The AMI can be resolved from publicly available SSM Parameters. Adding the
security group will attach to the public ENI. In case we need to debug the
instance I will also conditionally add the IAM instance profile. Ignoring AMI
changes will prevent destroying the instance when running another
tofu plan
and the new AMI was released.
data "aws_ssm_parameter" "AL2023" {
name = "/aws/service/ami-amazon-linux-latest/al2023-ami-kernel-6.1-arm64"
}
resource "aws_instance" "nat_instance" {
ami = data.aws_ssm_parameter.AL2023.value
instance_type = "t4g.nano"
vpc_security_group_ids = [aws_security_group.security_group.id]
subnet_id = var.public_subnet
iam_instance_profile = var.create_ssm_role ? aws_iam_instance_profile.ssm_role[0].name : null
lifecycle { ignore_changes = [ami] }
user_data = templatefile(
"${path.module}/user_data.yml",
{
private_subnets : data.aws_subnet.private_subnet[*].cidr_block,
primary_subnet : data.aws_subnet.private_subnet[0].cidr_block
}
)
}
However, as you can see above, I also added a user_data
field. Because what
we have defined so far was the easy part. Now comes the core of the instance:
configuration inside Linux.
Configuration of the instance to act as a NAT Gateway
The user data script that we will supply will not be a simple Bash script.
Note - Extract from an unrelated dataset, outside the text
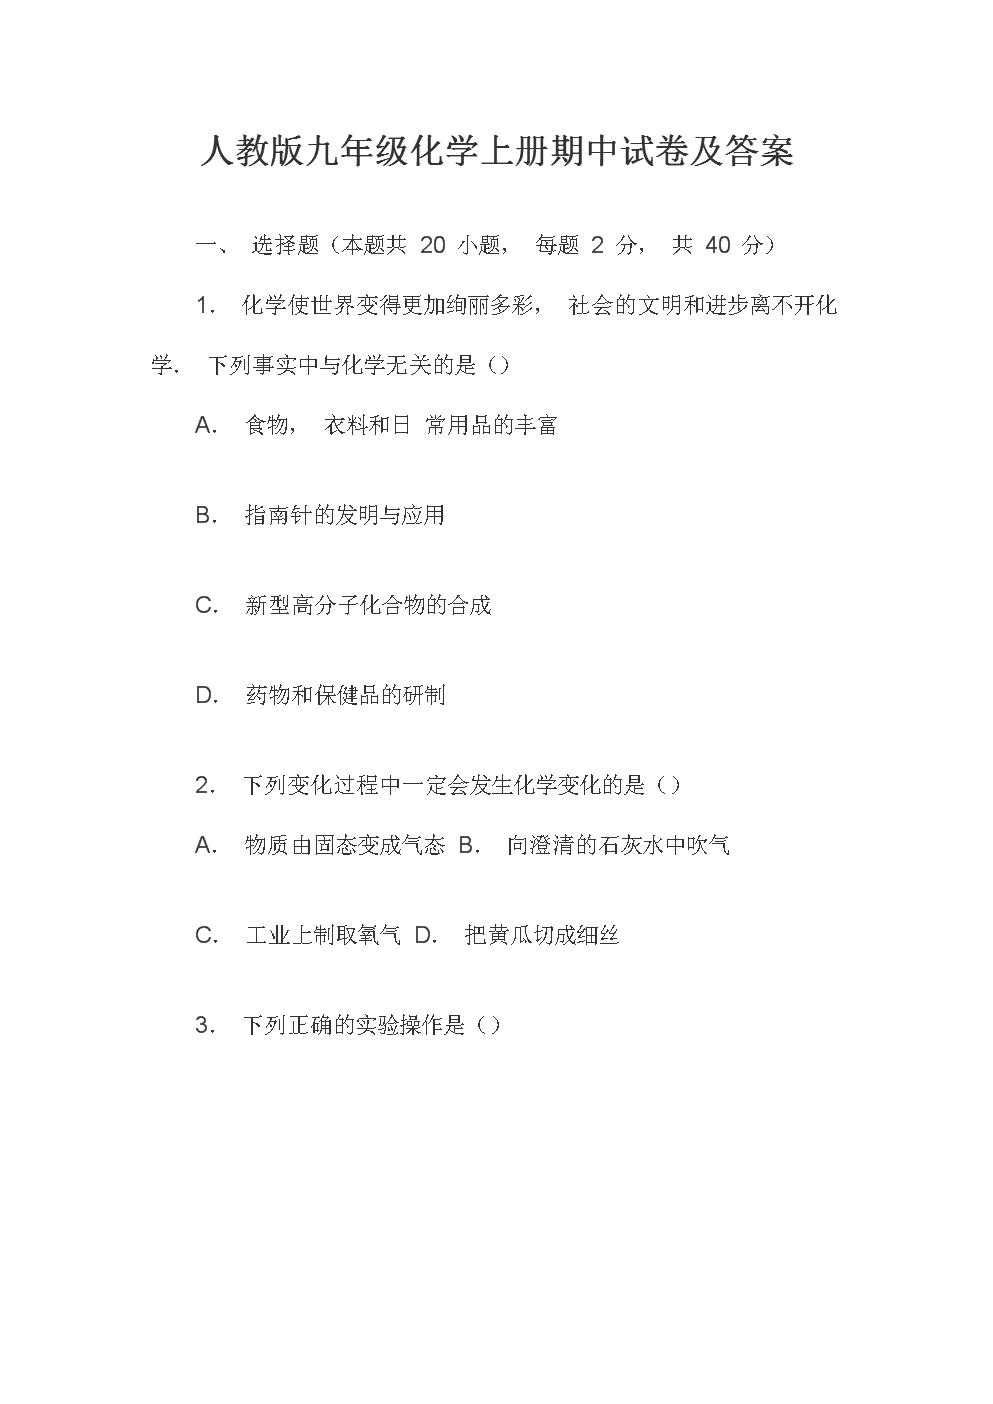 人教版九年级化学上册期中试卷及答案.docx

We
will use cloud-init
syntax to make the changes be applied every reboot of the
instance. This way we can dynamically attach more subnets and remove some of
them if we want to without recreating the whole instance again. By default,
simple Bash scripts run only once during instance creation. However, in
Terraform, changes to user data always reboot the instance. cloud-init
is a
different approach that allows us to set a flag that the script should be run
every time. In this user data, I will do two things: create the script as a
local file and execute it. Let's first go step by step through all the commands
we have to run in order to have a working NAT instance.
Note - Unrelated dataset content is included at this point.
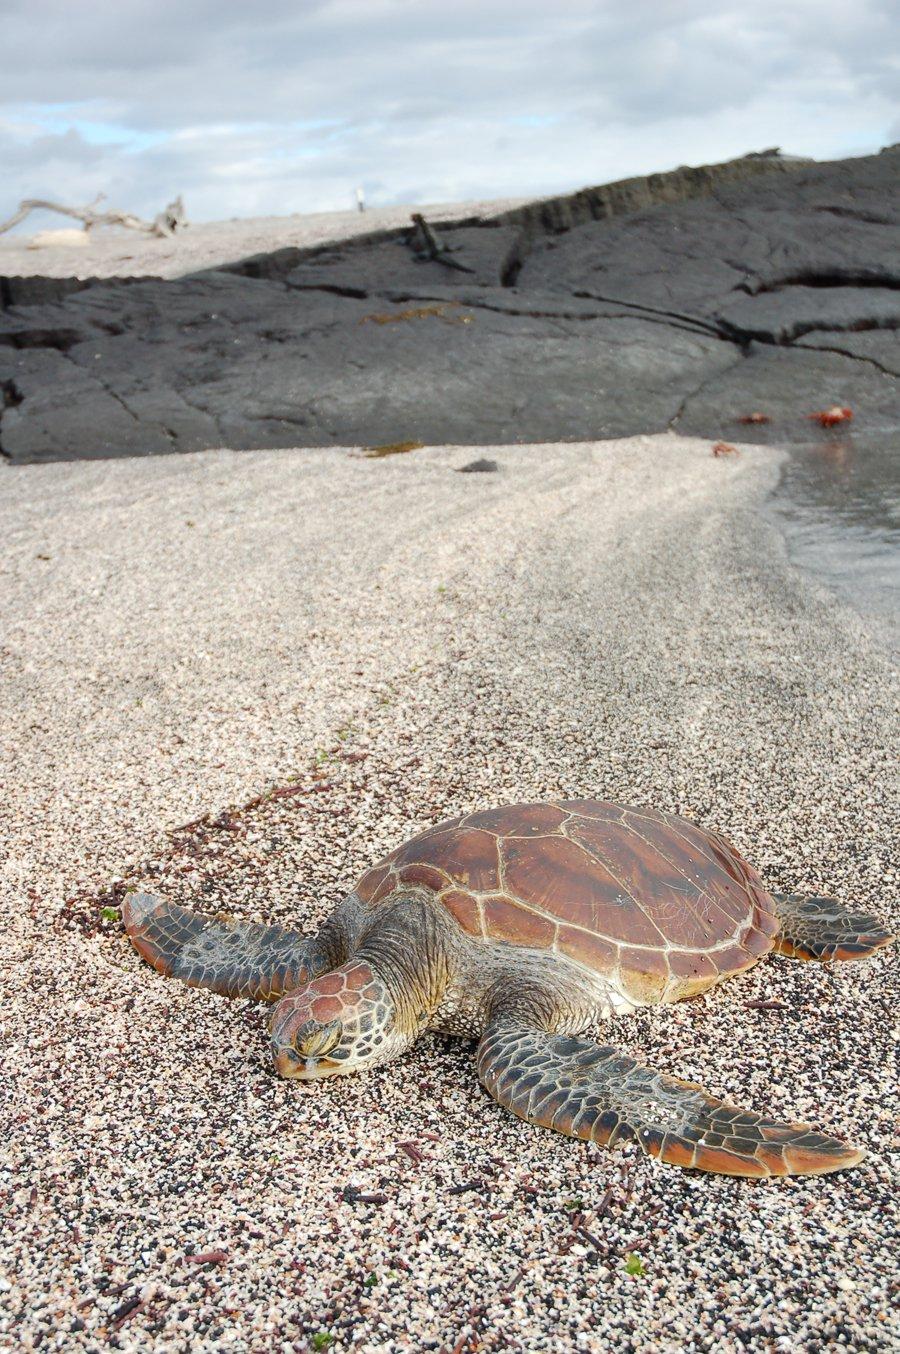 Turtle laid back

In the first part, I will do just three basic things: update the system, install
iptables-services
and enable IP forwarding in the kernel settings which I will
also apply immediately.
#!/bin/bash
yum update -y
yum install -y iptables-services
echo "net.ipv4.ip_forward=1" > /etc/sysctl.d/90-nat.conf
sysctl --system
The next step is to determine the network interface names. I will do it using
some ip
and grep
commands. AWS adds aliases to the ENIs, even though we are
using the same Amazon Linux 2023, just a year ago the names were a bit
differently formatted, so be sure to check from time to time if the syntax
changes. The second interface is dynamically attached so it might happen that we
have to wait for it.
ETH0_NAME=$(ip addr | grep device-number-0 | grep -oE 'device-number-.*$')
# Find the private interface name
for i in {1..10}; do
ETH1_NAME=$(ip addr | grep device-number-1 | grep -oE 'device-number-.*$')
[[ -n "$ETH1_NAME" ]] && break
sleep 3
done
# Find the real interfaces ids
ETH0=$(ip -4 addr show $ETH0_NAME | grep -oP 'ens[0-9]+' | head -n1)
ETH1=$(ip -4 addr show $ETH1_NAME | grep -oP 'ens[0-9]+' | head -n1)
echo "Devices: public: $ETH0_NAME ($ETH0) and private: $ETH1_NAME ($ETH1)"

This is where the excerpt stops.